DIRECTIONS :: Only the lines from the one containing "Bed - Spacebox. CD - Jazz" through the final line below belong in the output, copied exactly and without pictures.

RAW DATA ::
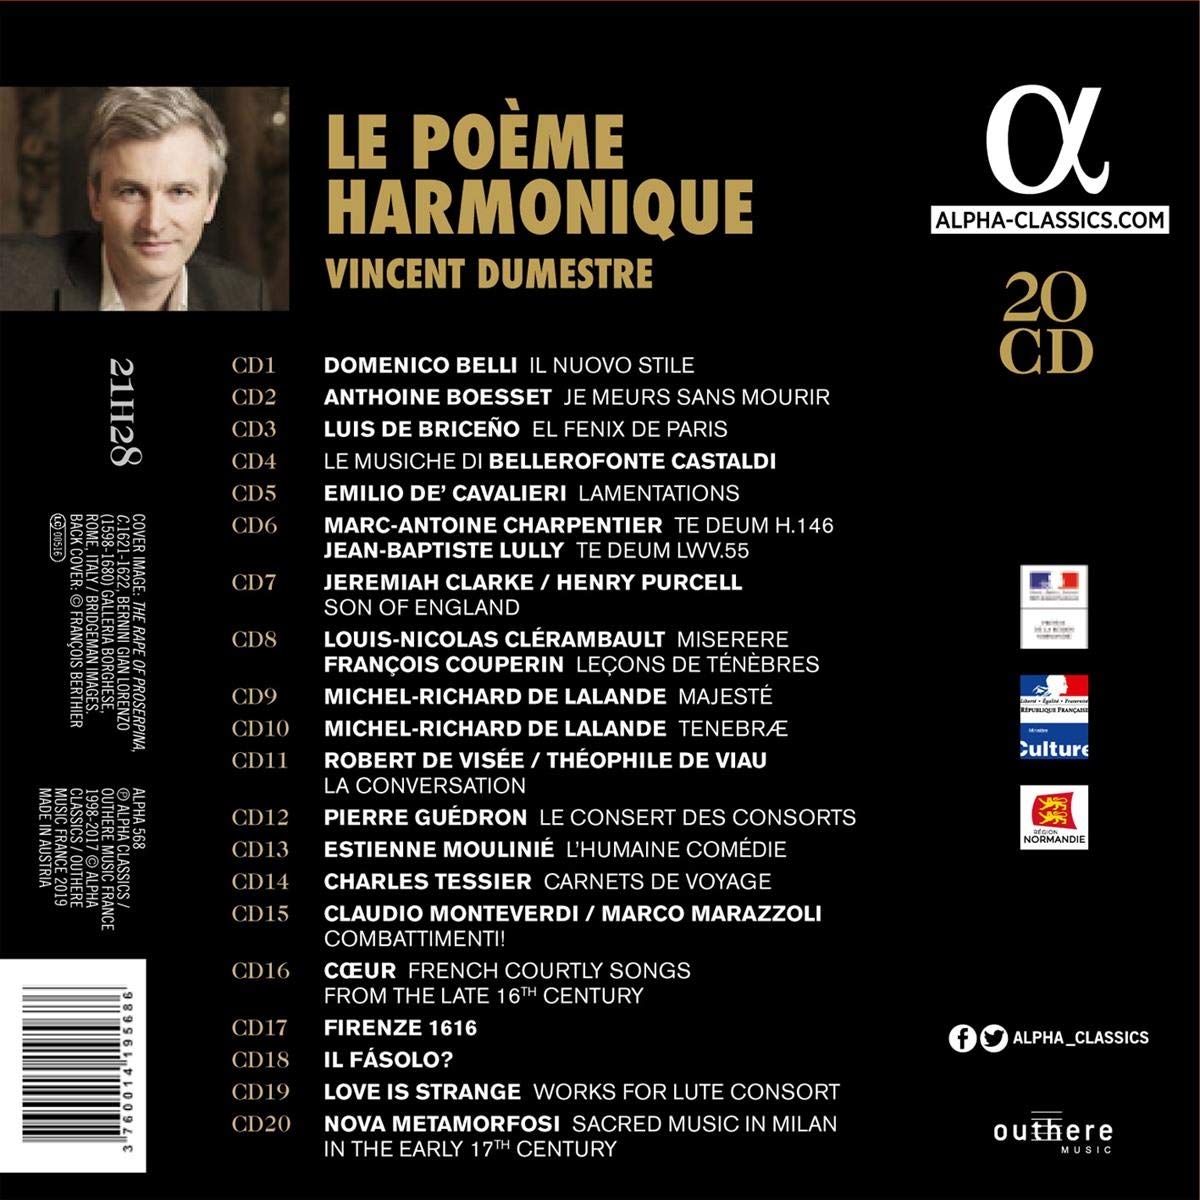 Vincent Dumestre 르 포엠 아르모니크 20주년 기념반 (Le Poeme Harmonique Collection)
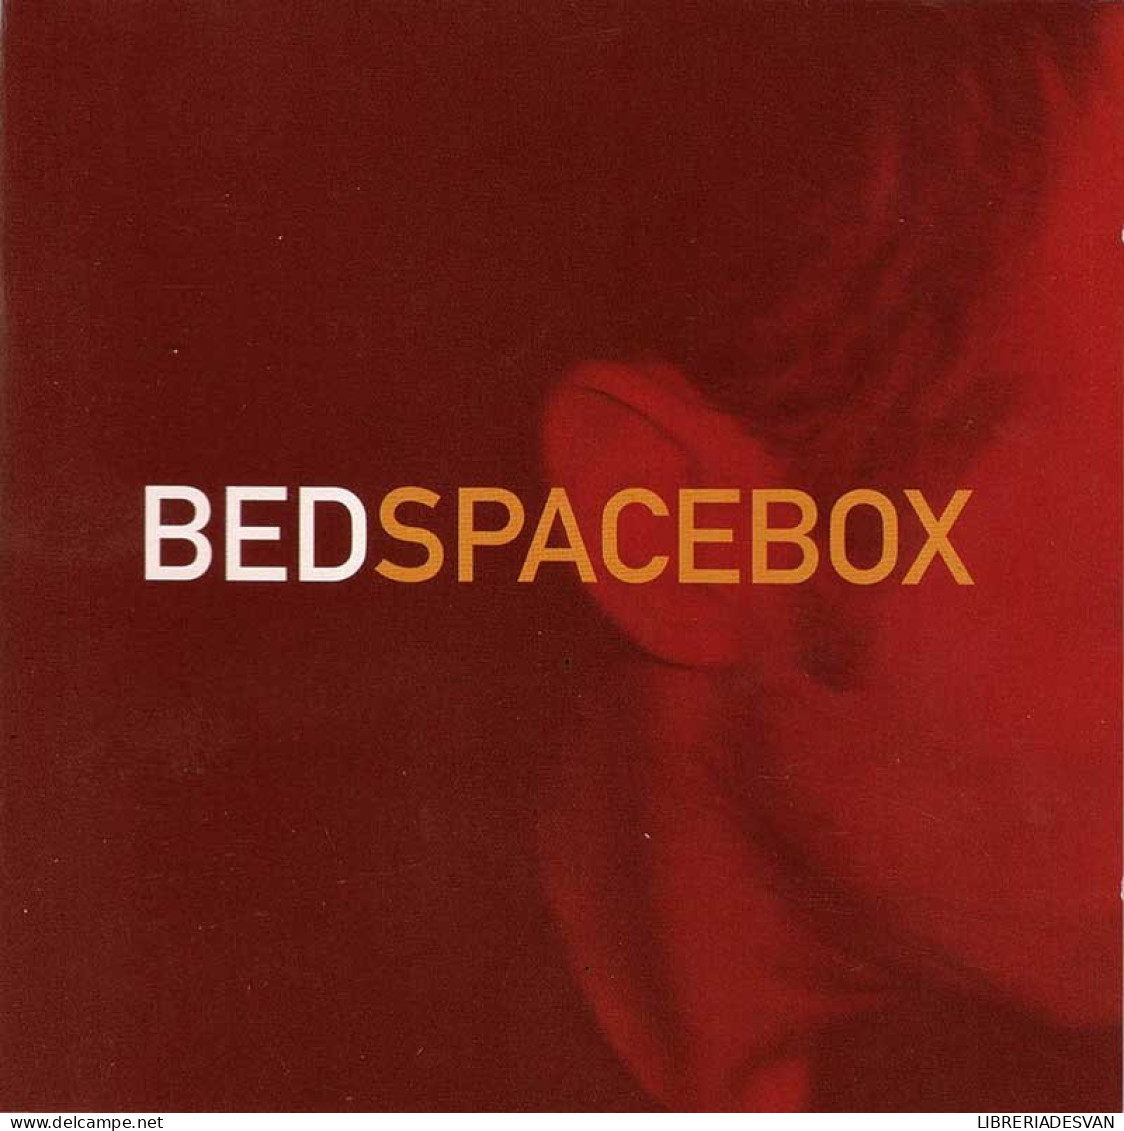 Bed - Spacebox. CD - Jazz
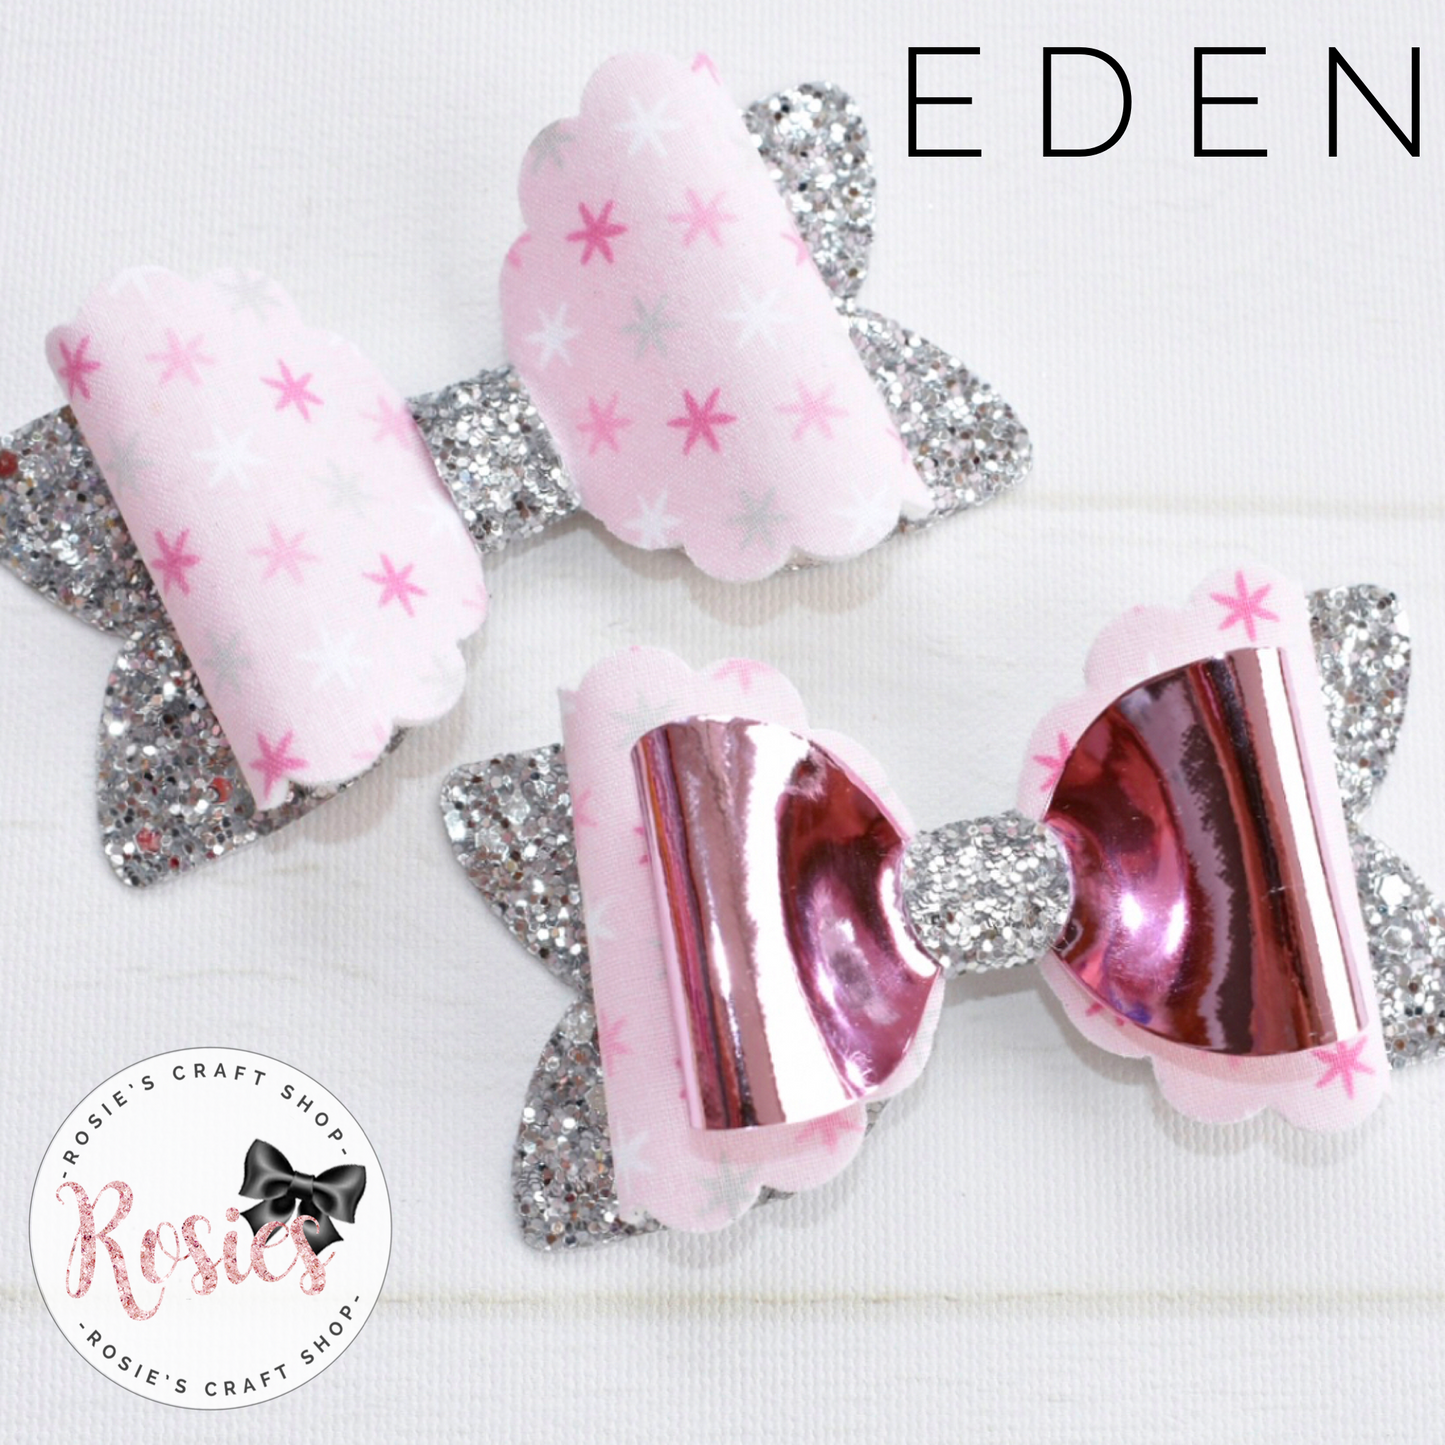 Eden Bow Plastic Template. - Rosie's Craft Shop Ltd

RESPONSE BELOW ::
 Bed - Spacebox. CD - Jazz
 Eden Bow Plastic Template. - Rosie's Craft Shop Ltd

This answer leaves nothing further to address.